Japan's leading airlines, ANA Holdings and Japan Airlines (JAL), have reported that the ongoing conflict in the Middle East is driving fuel costs higher. However, executives from both companies confirmed there are no immediate signs of supply disruptions.
The situation highlights the airline industry's vulnerability to geopolitical tensions, which directly impact operational expenditures.
ANA estimates the conflict will increase its costs by approximately 140 billion yen, or $872 million, for the year. The airline expects to mitigate this impact to around 60 billion yen through extensive fuel hedging, fare adjustments, and cost reductions. Roughly 90% of ANA's domestic fuel needs are already hedged.
JAL also anticipates rising costs but notes that strong revenue from robust passenger demand and fuel surcharges will help offset the financial pressure.
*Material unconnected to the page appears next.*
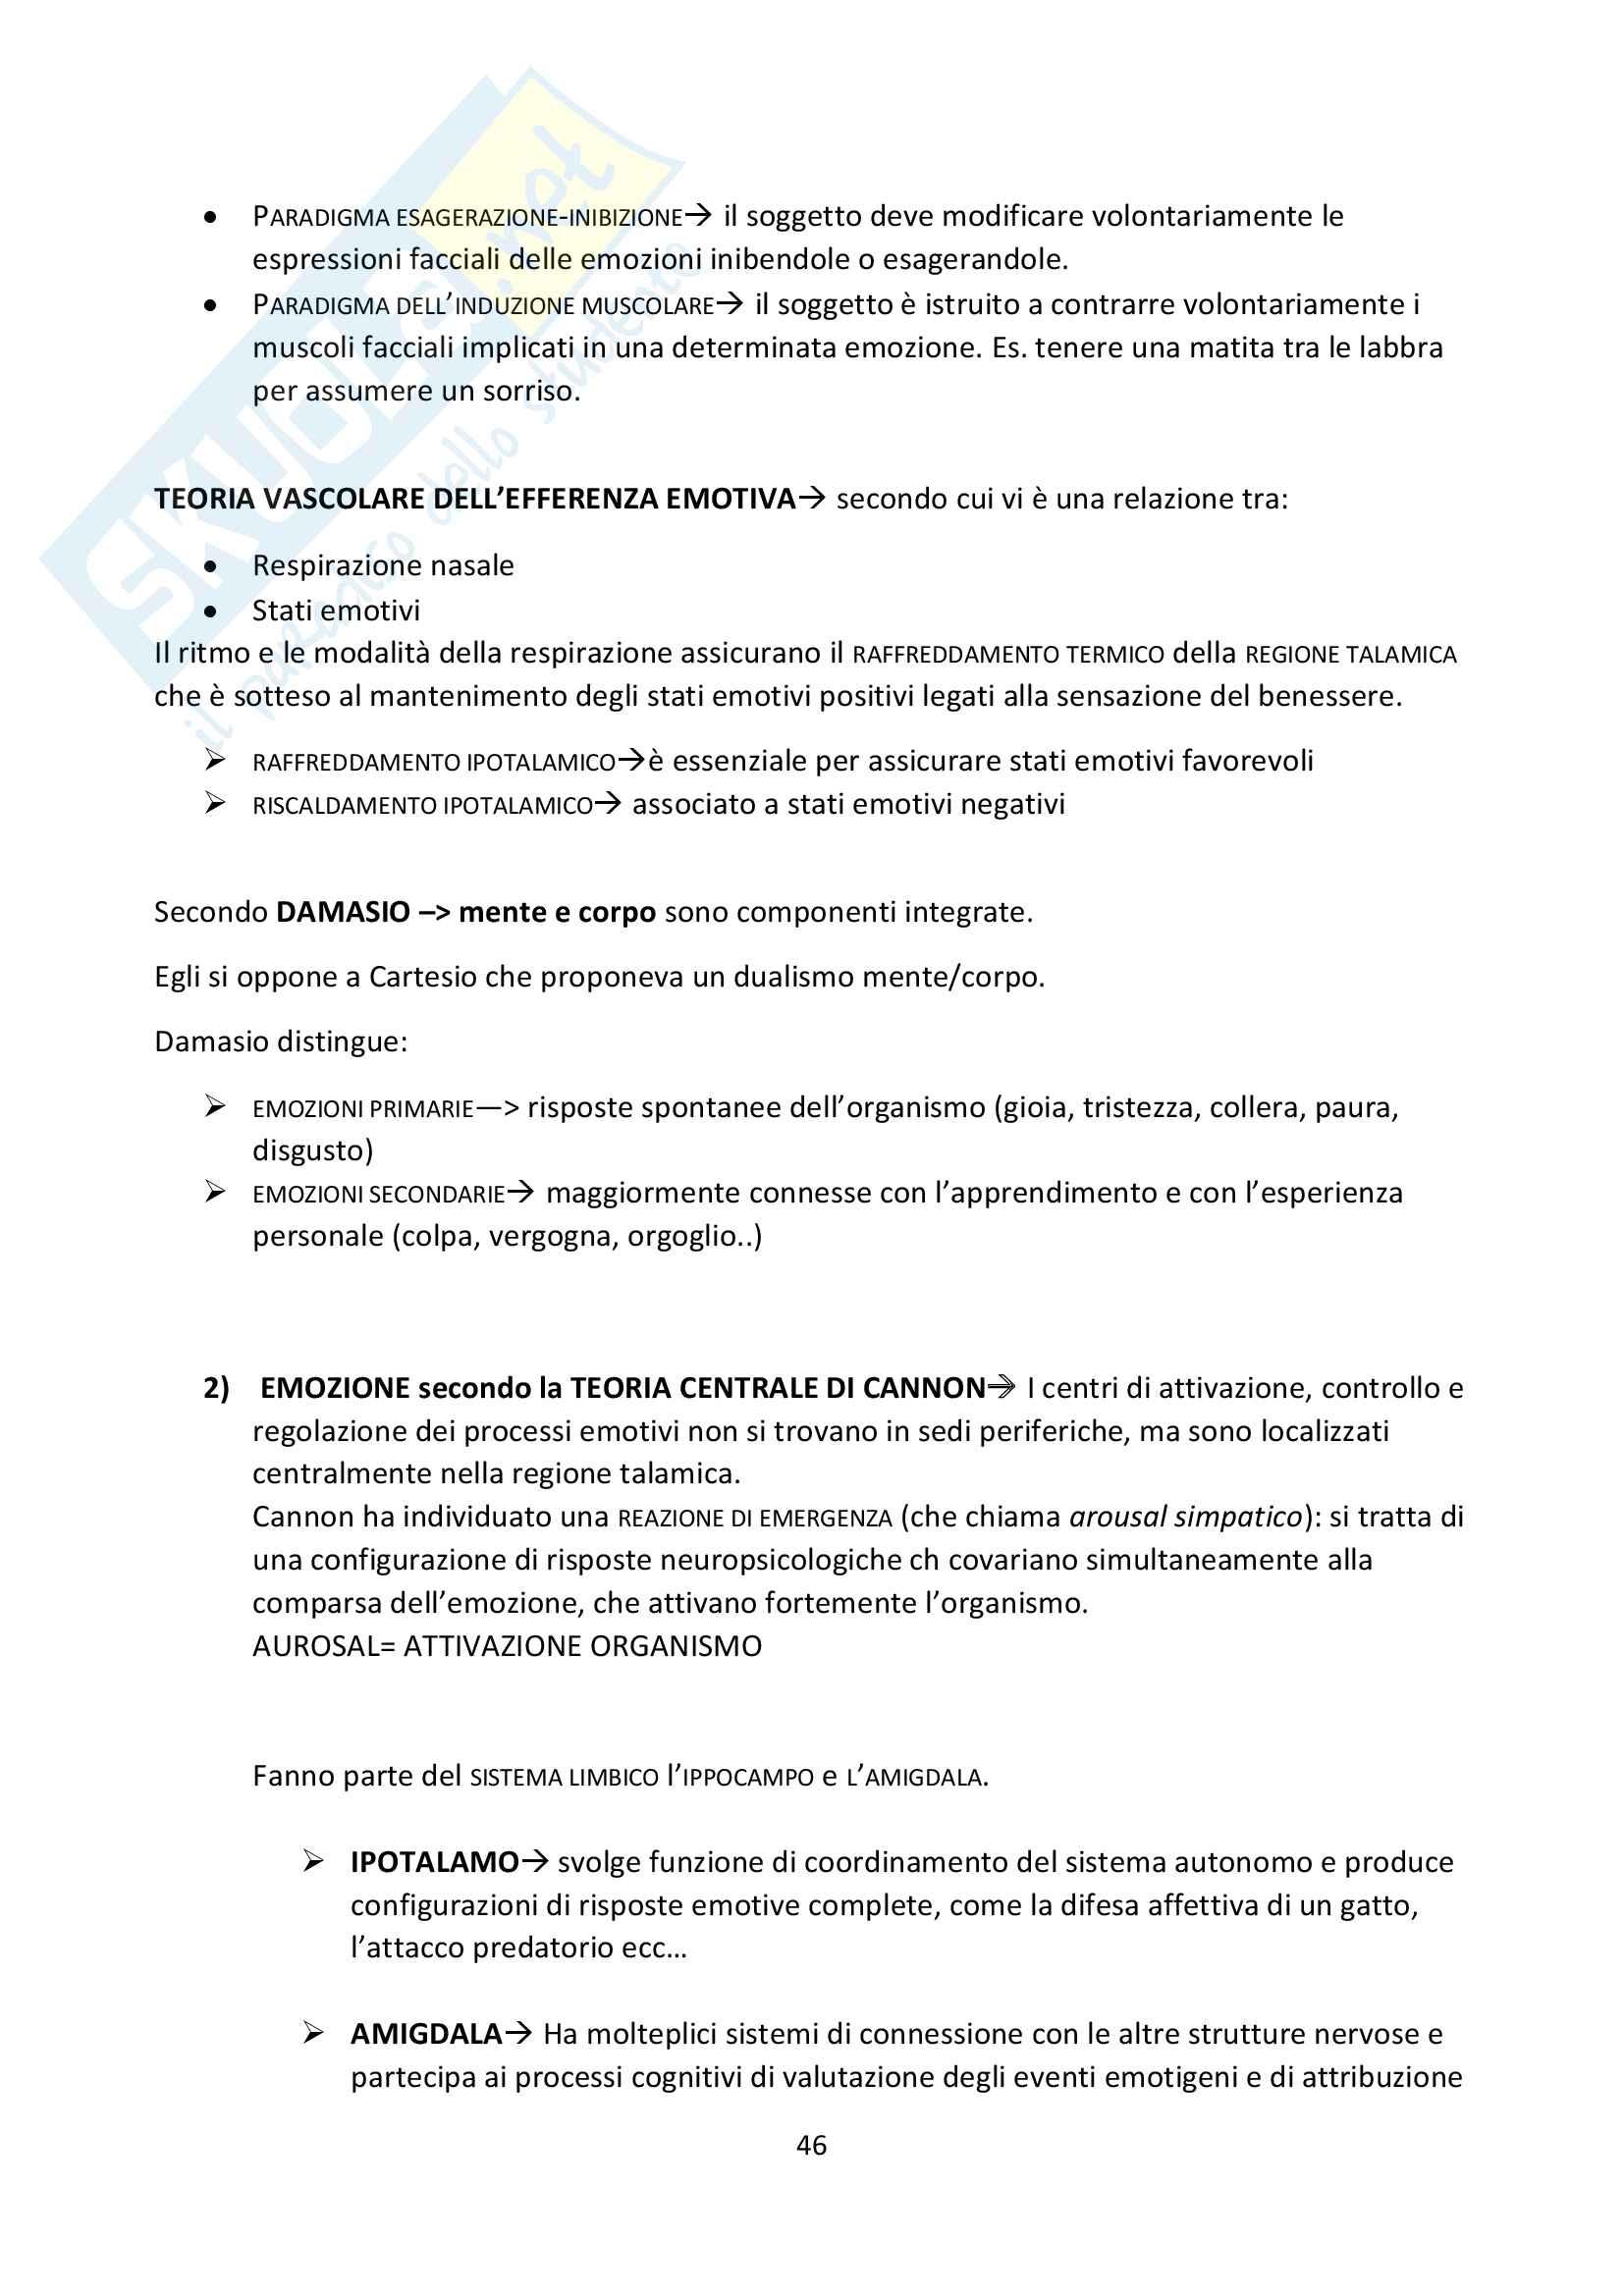 """Riassunto esame Psicologia Generale, docente Federici, libro consigliato """"Psicologia Generale"""" di L. Anolli e P. Legrenzi Pag. 46"""

Despite the cost concerns, both carriers maintain operational stability. ANA's CEO, Koji Shibata, projects that the impact from Middle East tensions will gradually fade starting from the July-September quarter. Similarly, JAL's CFO Yuji Saito confirmed that the airline has secured jet fuel for its operations and faces no current supply issues.
While elevated fuel prices present a challenge, Japan's major airlines appear well-positioned to manage the situation through strategic hedging and strong passenger demand. The outlook is for conditions to normalize later in the financial year, though geopolitical volatility remains a key factor for the market to watch.
Q: Are ANA or JAL planning to cancel flights?
A: No, both airlines have stated there are no current plans for flight cuts or cancellations due to fuel shortages.
Q: How are the airlines managing the increased costs?
A: They are utilizing fuel hedging, cost-cutting measures, and fare adjustments, supported by strong passenger and cargo demand.